Solver Performance and Stability Analysis

# Problem Formulation

This is essentially just a small departure from the "two normal example", except we're introducing another constraint and slightly more complexity in the objective functions.
It can be solved analytically too, which means we have some solid information to go off when validating our experiments.
Importantly, we're also requiring an effect handler to be used in one of the constraints, which is included so that we have (a test that can be turned into) an example problem that demonstrates how the `HandlerToApply` class is used.

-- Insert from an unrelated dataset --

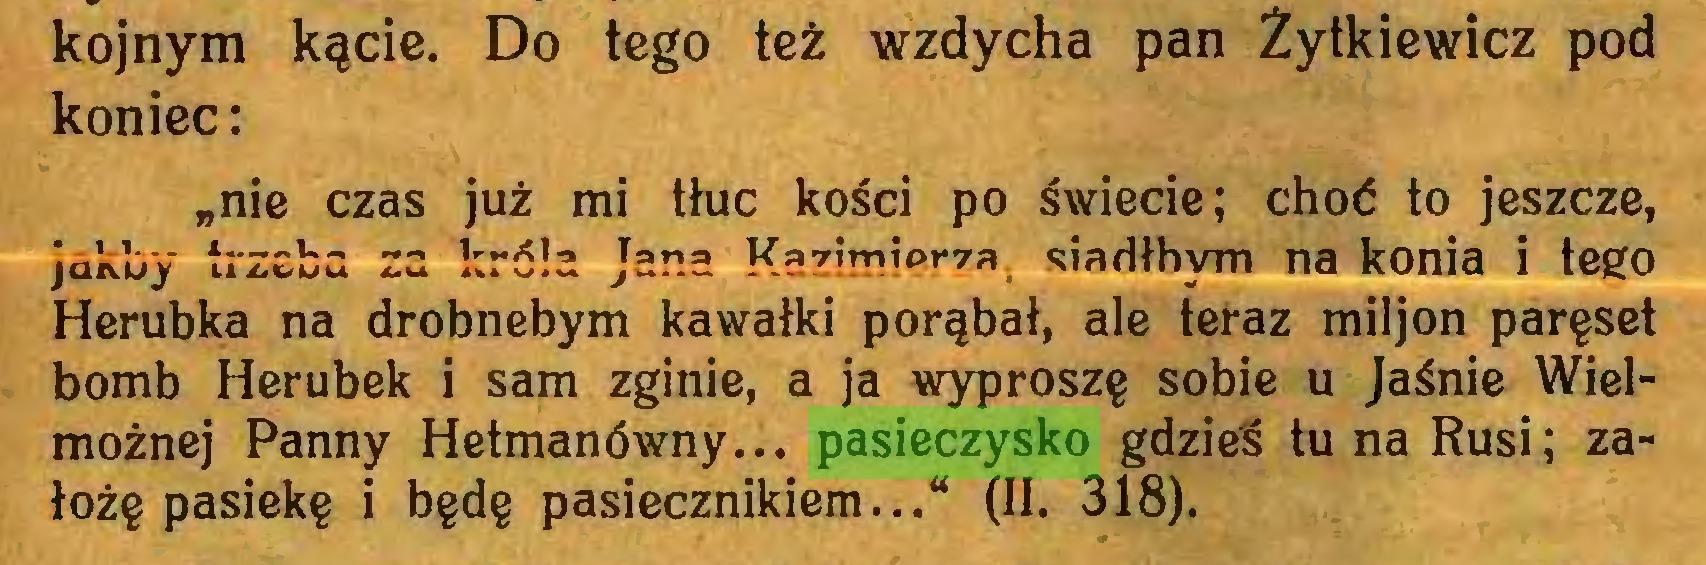 """(...) kojnym kącie. Do tego też wzdycha pan Żytkiewicz pod koniec: """"nie czas już mi tłuc kości po świecie; choć to jeszcze, jakby trzeba za króla Jana Kazimierza, siadłbym na konia i tego Herubka na drobnebym kawałki porąbał, ale teraz miljon paręset bomb Herubek i sam zginie, a ja wyproszę sobie u Jaśnie Wielmożnej Panny Hetmanówny... pasieczysko gdzieś tu na Rusi; założę pasiekę i będę pasiecznikiem..."""" (II. 318)..."""
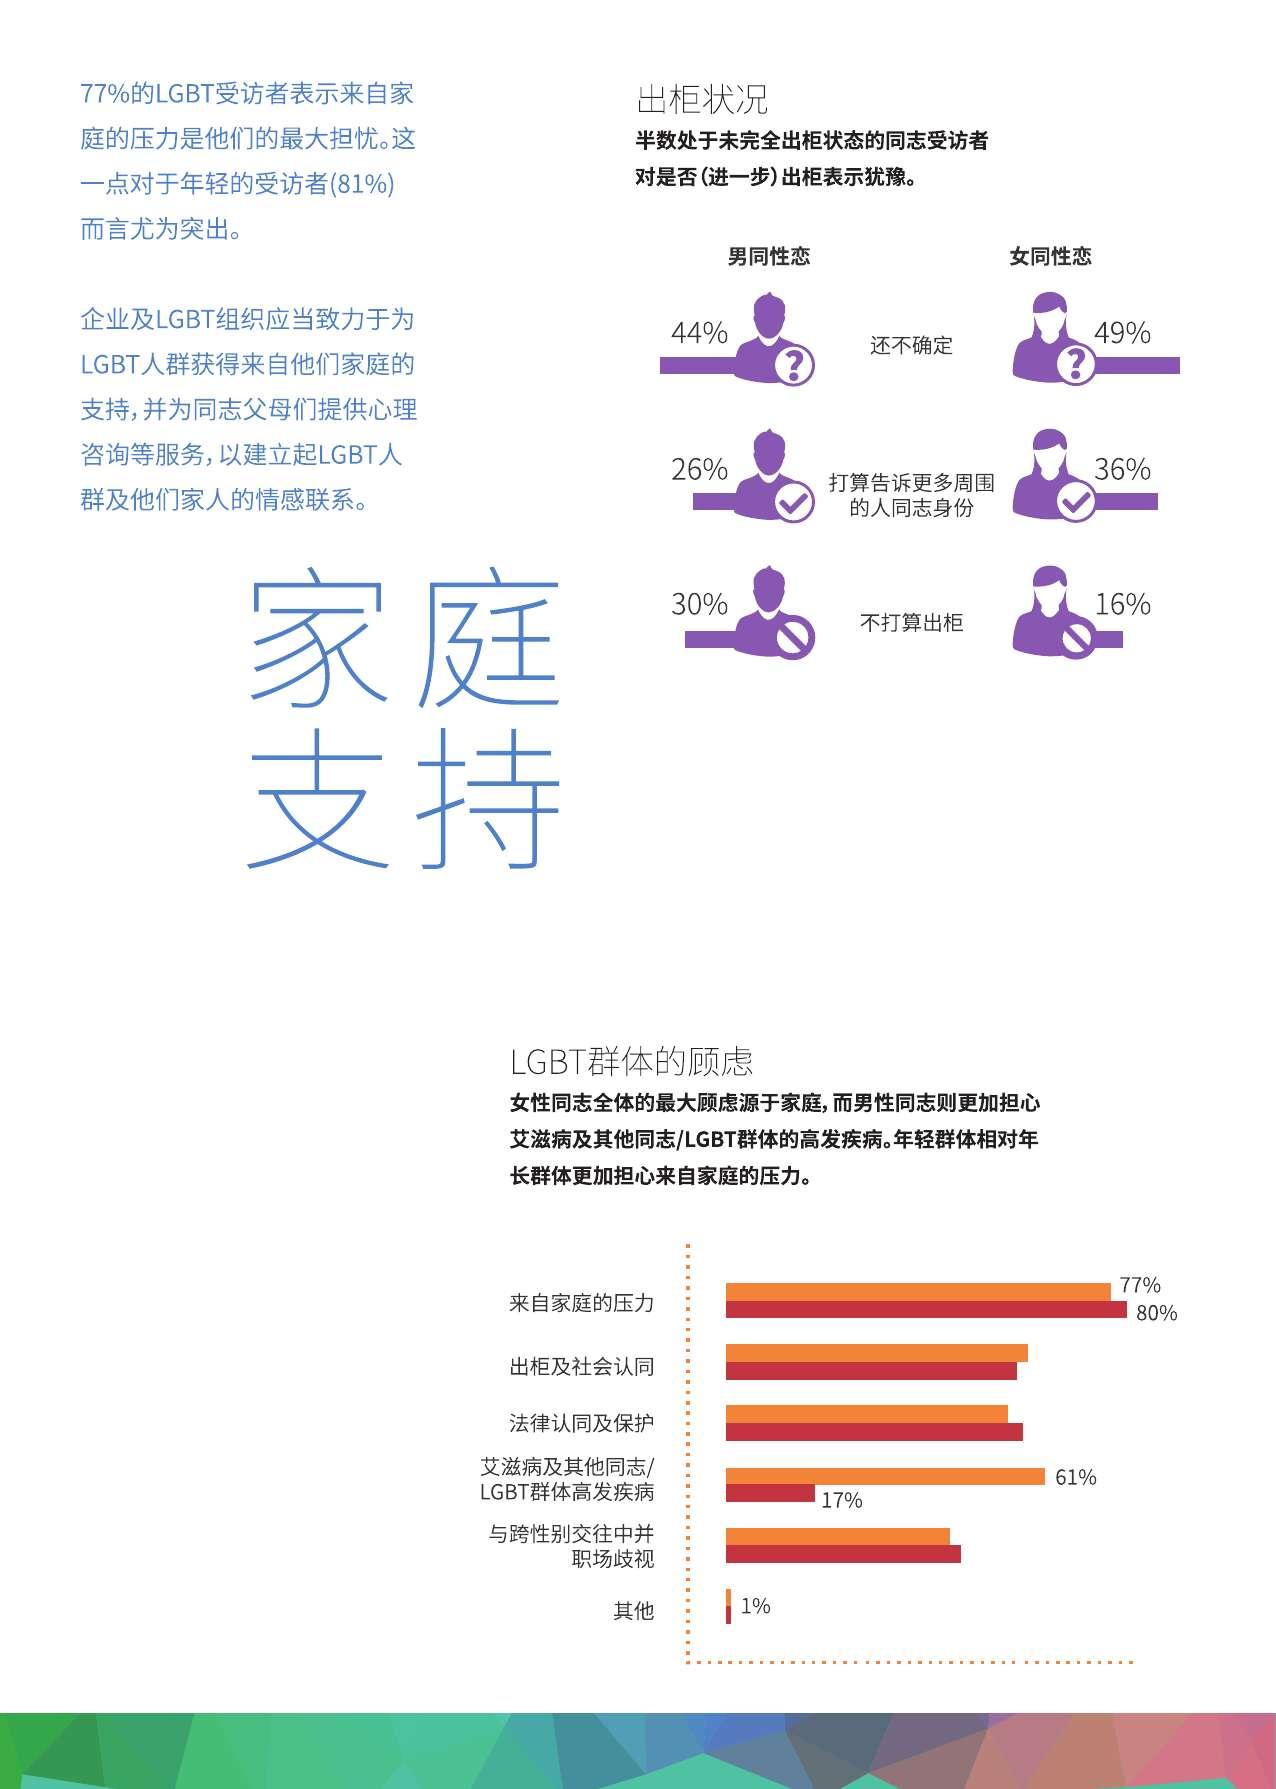 中国LGBT群体生活消费调查报告_000010

Consider a causal problem with three parameter nodes; $\mu_x$, $\mu_y$, and $\nu_y$, and two random variables $X\sim\mathcal{N}(\mu_x, 1)$, and $Y, Y \vert X\sim\mathcal{N}(X + \mu_y, \nu_y)$.
The causal estimand of interest is

$$ \sigma(\mu_x, \mu_y, \nu_y) = \mathbb{E}[Y], $$

and we have observable quantities (model constraints)

$$ \phi_1(\mu_x, \mu_y, \nu_y) = \mathbb{E}[X], \quad \phi_2(\mu_x, \mu_y, \nu_y) = \mathbb{E}[Y\vert X=0].$$

We have gathered observable data for these quantites $\phi_{1, obs}$ and $\phi_{2, obs}$ (respectively), with tolerance in this data equal to $\epsilon_1$ and $\epsilon_2$ (again, respectively).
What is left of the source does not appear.